Digital Tbucket Tank (DTT)

Pharmaceutical companies are investing in quantum computing to find new drugs

Recent actions by IT giants like Google and pharmaceutical companies suggest that the first really useful application of quantum computers related to working on new calculations drugs could be. quantum computers will - at least theoretically - have a performance that cannot be achieved by classic computers. This follows directly from the principle of how they work. In addition, a small excursion to the Qubit world:

Image source: Pixabay

The smallest unit of information is a bit. It is represented by "0" or "1". If we imagine a set of three bits, each of which can store the value "0" or "1", we can create 8 different combinations of ones and zeros (2 ^ 3). In the classic computer, however, we can only write one of these combinations at a given moment and we will only perform calculations on one. in the quantum computers however, we don't have bits, but quantum bits, qubits. And from the laws of quantum mechanics we know that the qubit does not have a fixed value. It can therefore take on both values ​​at the same time: "0" and "1". This is known as superposition. And that means that we can store all possible combinations of zeros and ones at any point in time and use them to perform calculations. This in turn shows that a three-bit quantum computer - at least in theory - is eight times faster than a classic three-bit computer. Since we have 64-bitprocessors use it is easy to calculate that a 64 bitquantum computers... 18 trillion (2 ^ 64) times faster than a classic computer.

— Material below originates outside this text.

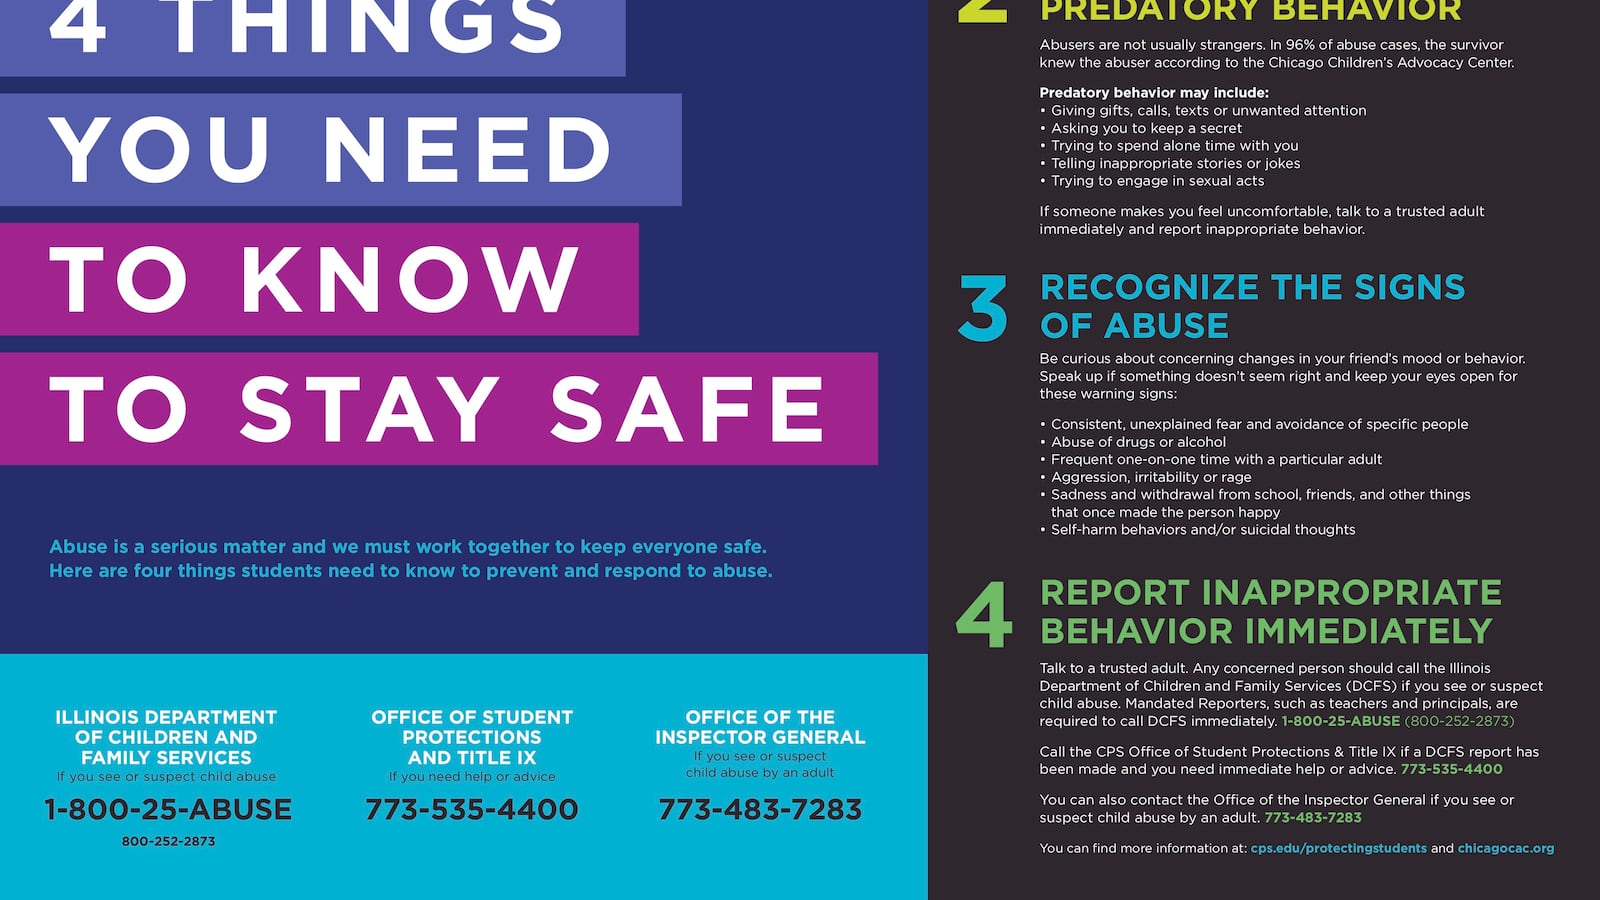 Last fall, Chicago schools kicked off a poster campaign that spells out how to report suspected abuse.

The only question that remains is: Why would someone need such a large amount of computing power? It turns out that they would be very useful to pharmaceutical companies. And these companies obviously know that very well. Your recent actions bear witness to this. In January there was the largest private Pharmaceutical company Boehringer Ingelheim announced that it is working with Google to quantum computers to be used in research and development. That same month Roche, the world's largest pharmaceutical company, announced that it had been using it for some time Cambridge Quantum Computing working together to Quantum algorithms for the first Drug research to develop.


Currently they are conventional for this type of research High Performance Computing (HPC) systeme like Supercomputer used. The upper limit of today's HPC's capabilities is precision computing on molecules with a complexity similar to that of a caffeine molecule, says Chad Edwards, director of Cambridge Quantum Computing. The caffeine molecule consists of 24 atoms. In pharmacy, we are dealing with much larger molecules, proteins made up of thousands of atoms. If we want to understand how systems work on the principles of quantum mechanics, that is, how chemistry works, then we need machines that use quantum mechanics at work, Edwards adds. Cambridge Quantum Computing is unable to build quantum computers. It works with Quantum algorithms. A very important area of ​​the work of Cambridge Quantum Computing is that Quantum chemistry. Specialists help solve problems such as finding the molecules that bind most strongly to certain proteins.


However, at the moment we have very primitive ones quantum computers. They are able to do calculations for molecules of 5-10 atoms, while pharmaceutical companies have to work with molecules of 30-40 atoms at least. Therefore, calculations are currently being performed on fragments of molecules and then special calculation methods are used to find out how these fragments will behave together. Edwards says that quantum computers will be faster than conventional computers in the future, but the most important thing is accuracy. Quantum machines will do much more accurate calculations. How high the hopes on quantum computers are shows the fact that large pharmaceutical companies are called a consortium QuPharm founded to accelerate the development of quantum computers for drug manufacturing. QuPharm works with the Quantum Economic Development Consortium (QED-C), which was founded to support the development of commercial quantum computing applications for science and technology. It also works with the Pistoia Alliance, which aims to innovate in the Life Sciences to accelerate.